In this study, I demonstrated that the estimates could be improved using a combination estimator of permanent and temporary cluster plots from the Swedish NFI.

It is also possible to combine NFI datasets with other data sources, for instance, some ongoing environmental monitoring programs such as national inventory of landscape in Sweden (NILS, Ståhl et al. 2011).

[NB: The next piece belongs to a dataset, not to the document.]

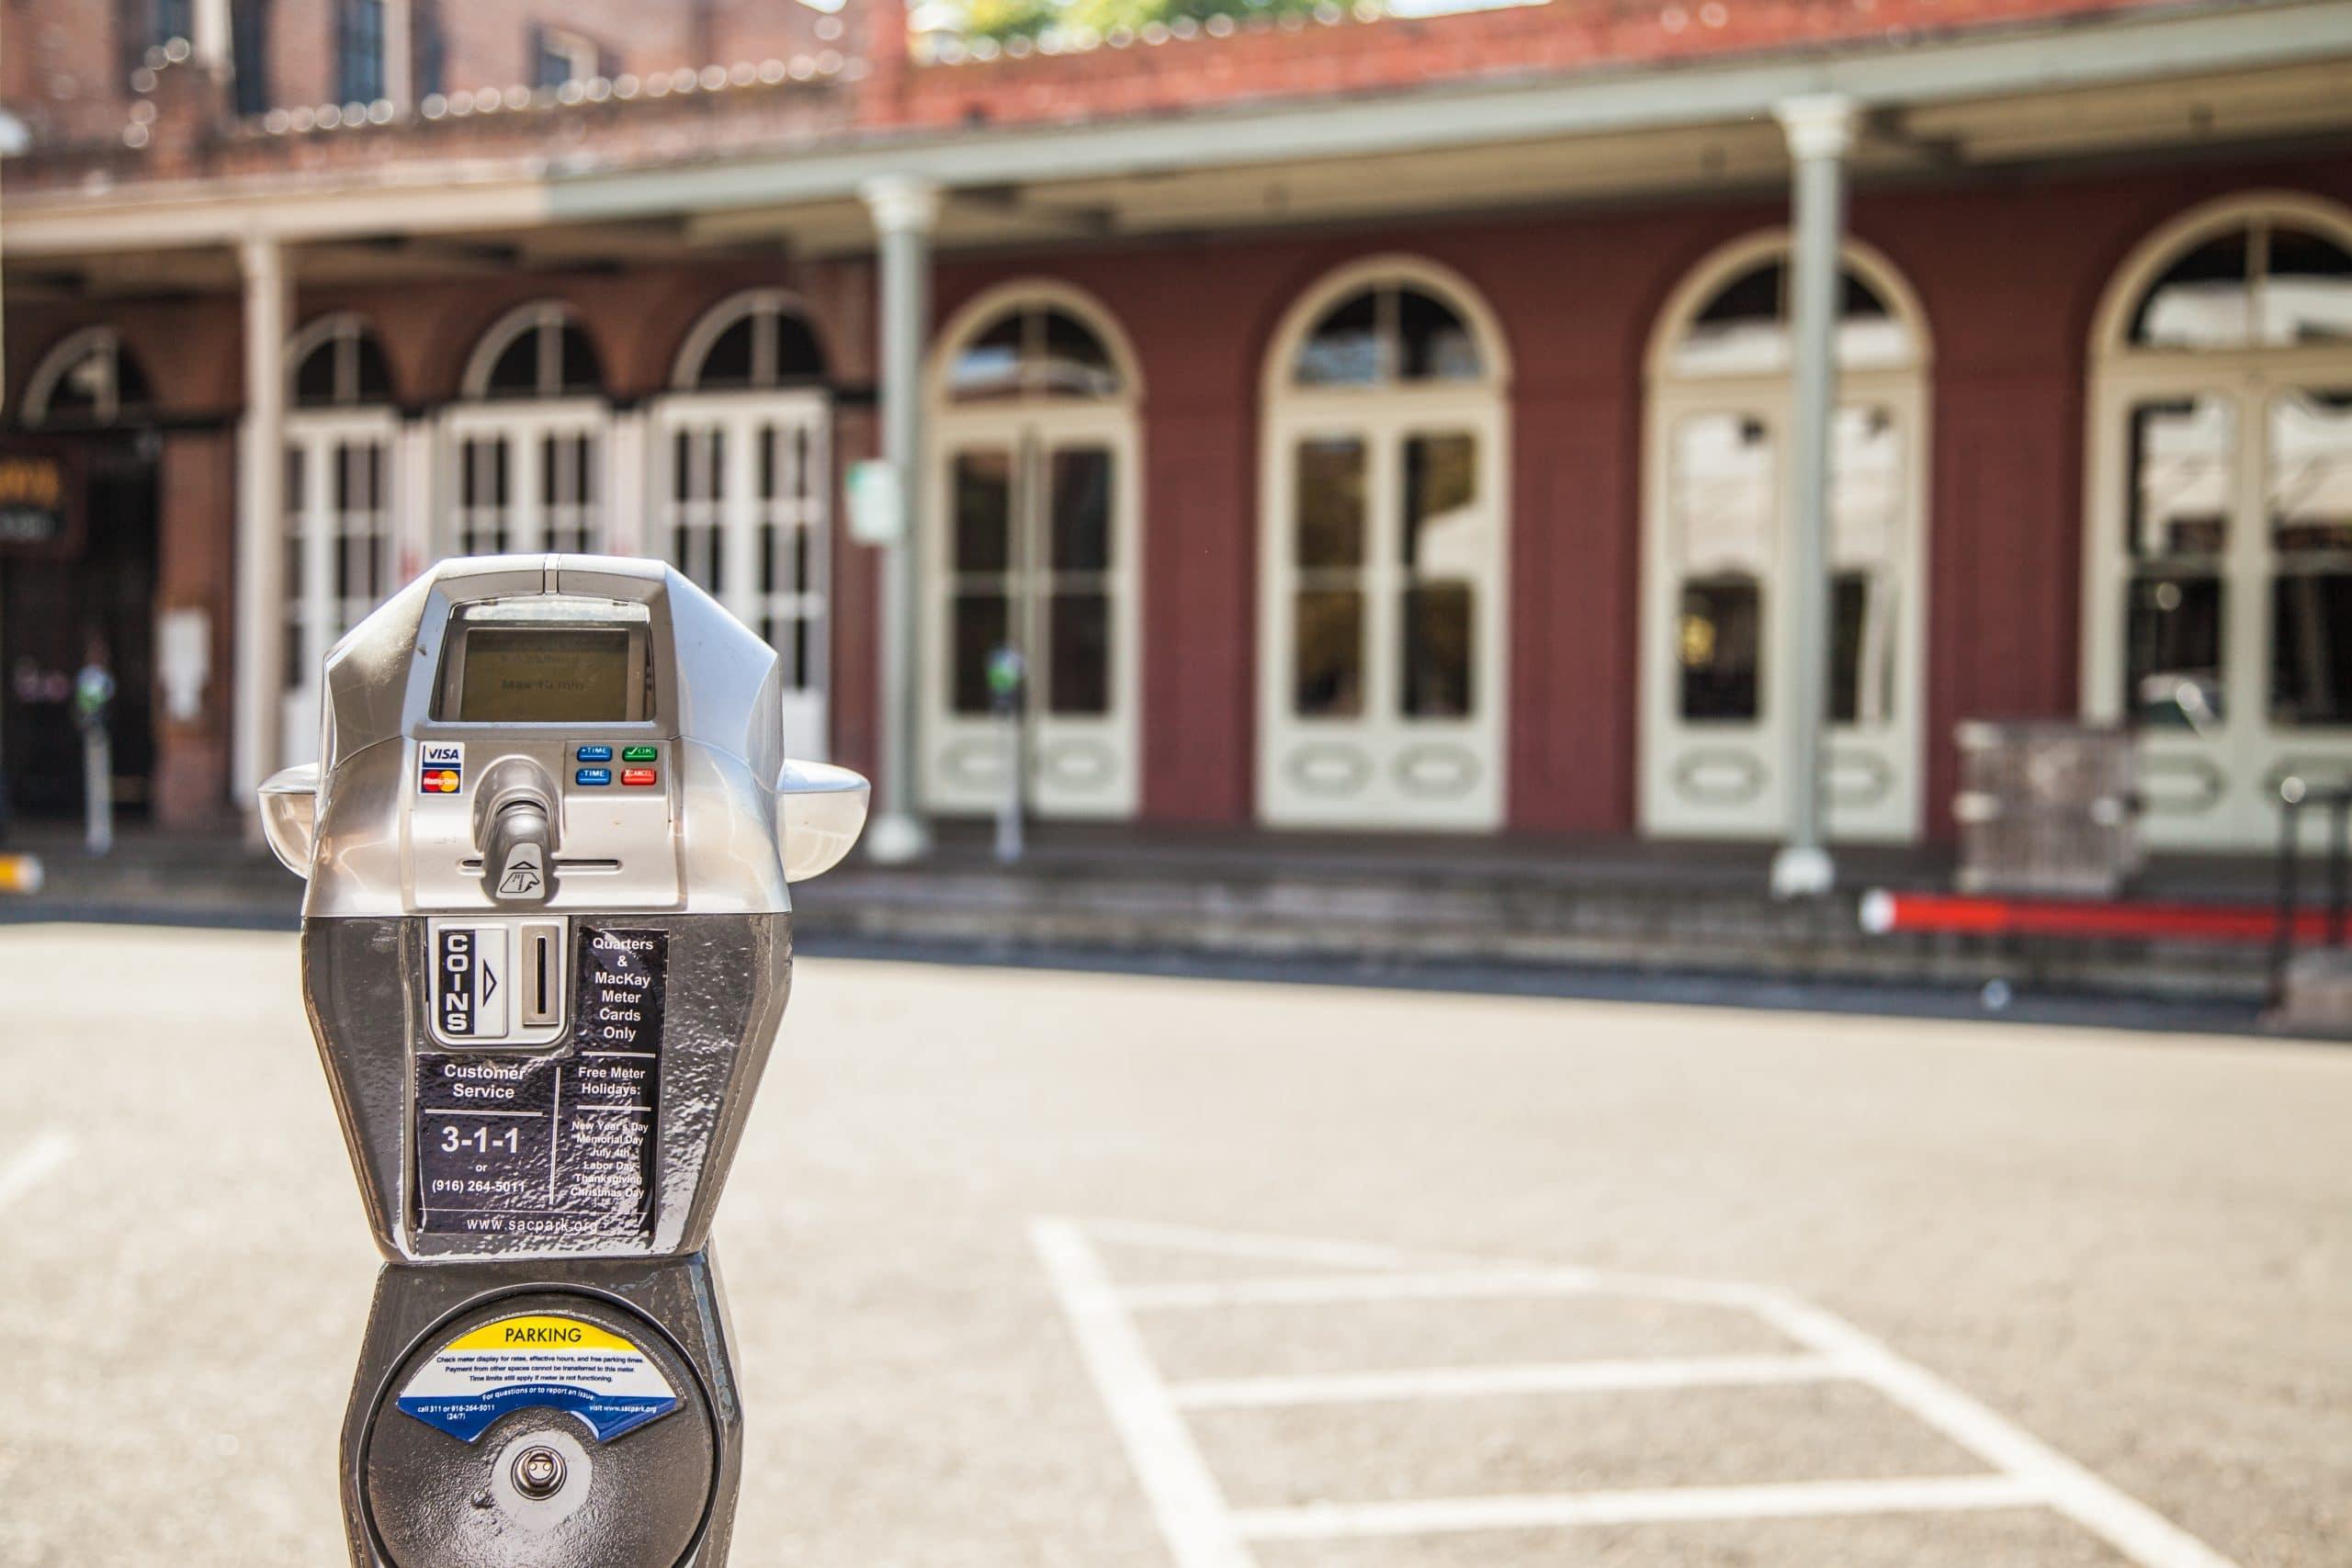 IPS Group Parking Meters
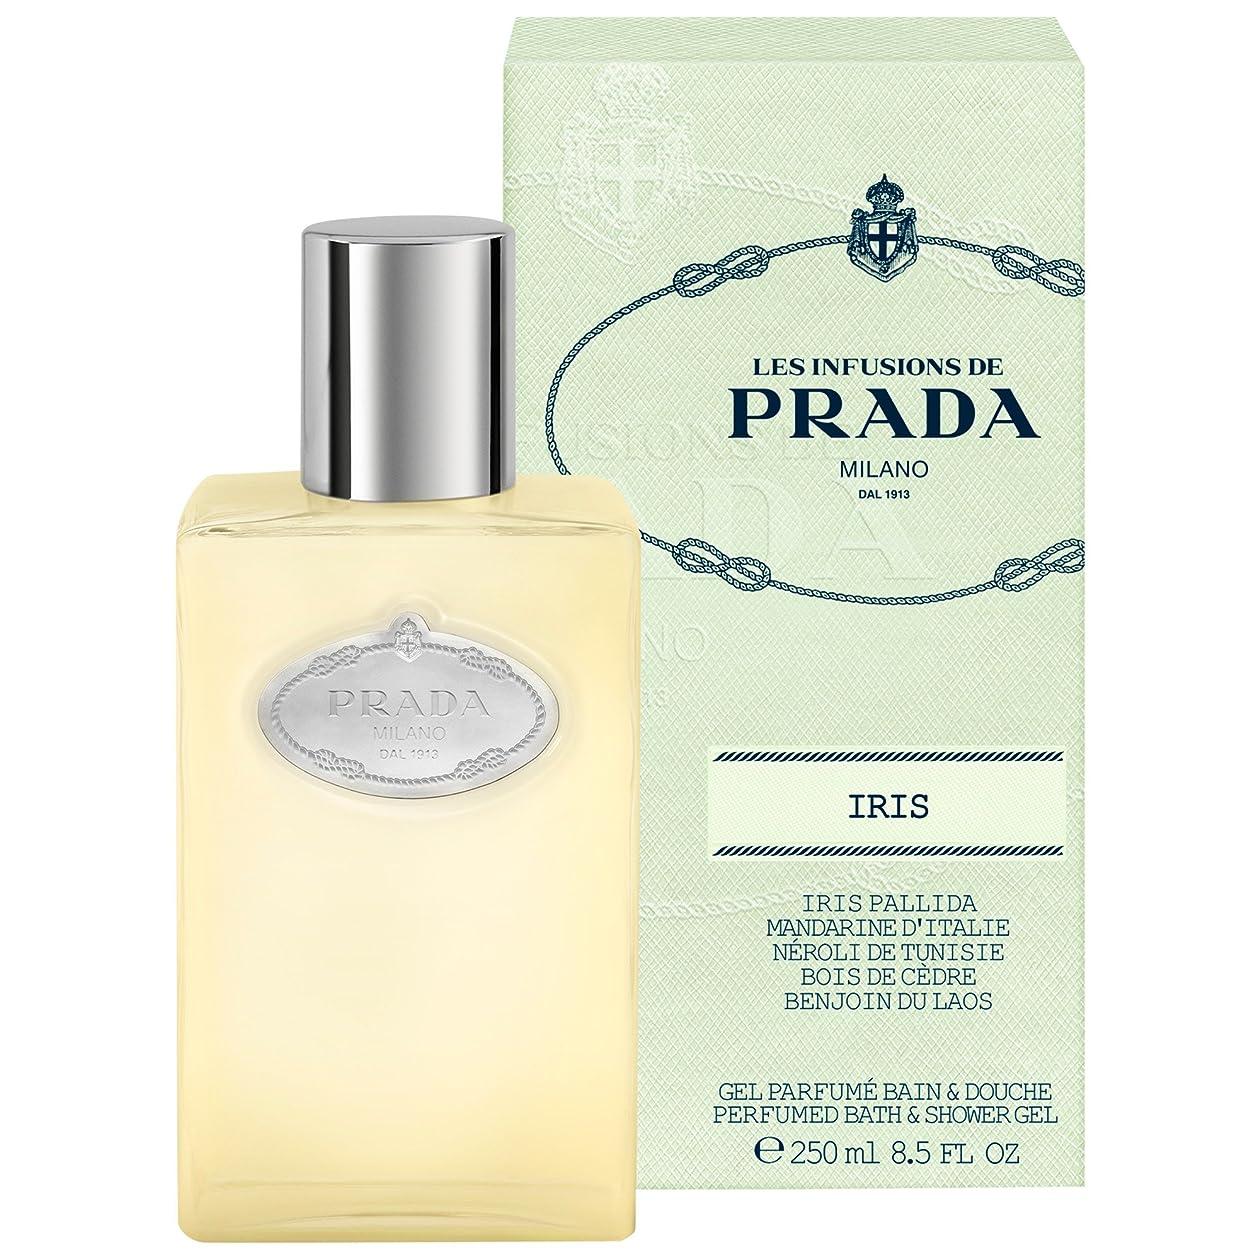 抹消排泄するブルゴーニュプラダアイリスシャワージェル250ミリリットル (Prada) (x2) - Prada Iris Shower Gel 250ml (Pack of 2) [並行輸入品]

Note that before the combination, the datasets should be harmonized because different classification schemes might be used in different surveys.

 

 

 

 

Fig. 3. Estimated variance of inverse Simpson’s diversity index (D) for temporary (T), combination (C) and permanent (P) procedures and for six inventory regions.

 

CONCLUSION

In a sample survey, a given metric can be estimated in different ways, but the statistical efficiency of a given sampling method depends on selected metric. In this study and with NFI datasets, it is impossible to determine the best sampling method to estimate the diversity indices in terms of accuracy because of the lack of true value of the landscape diversity. So that, there is a need for a sampling simulation survey where sampling is conducted in large time and then the statistical properties of the indices estimators would be compared.

Another further application, which should be investigated, is the ability to determine change of these diversity indices over time. Fortunately, time series of NFI datasets are available in many developed countries (e.g., Norway, Finland, Germany, and USA). The obtained results show that the method can be used in developing countries where conventional forest inventory is in use. 

 

ACKNOWLEDGMENT

The data were kindly provided by Riksskogstaxeringen (the Swedish national forest inventory, NFI), the Department of Forest Resources Management (SLU). I am thankful to the two anonymous referees for their valuable comments.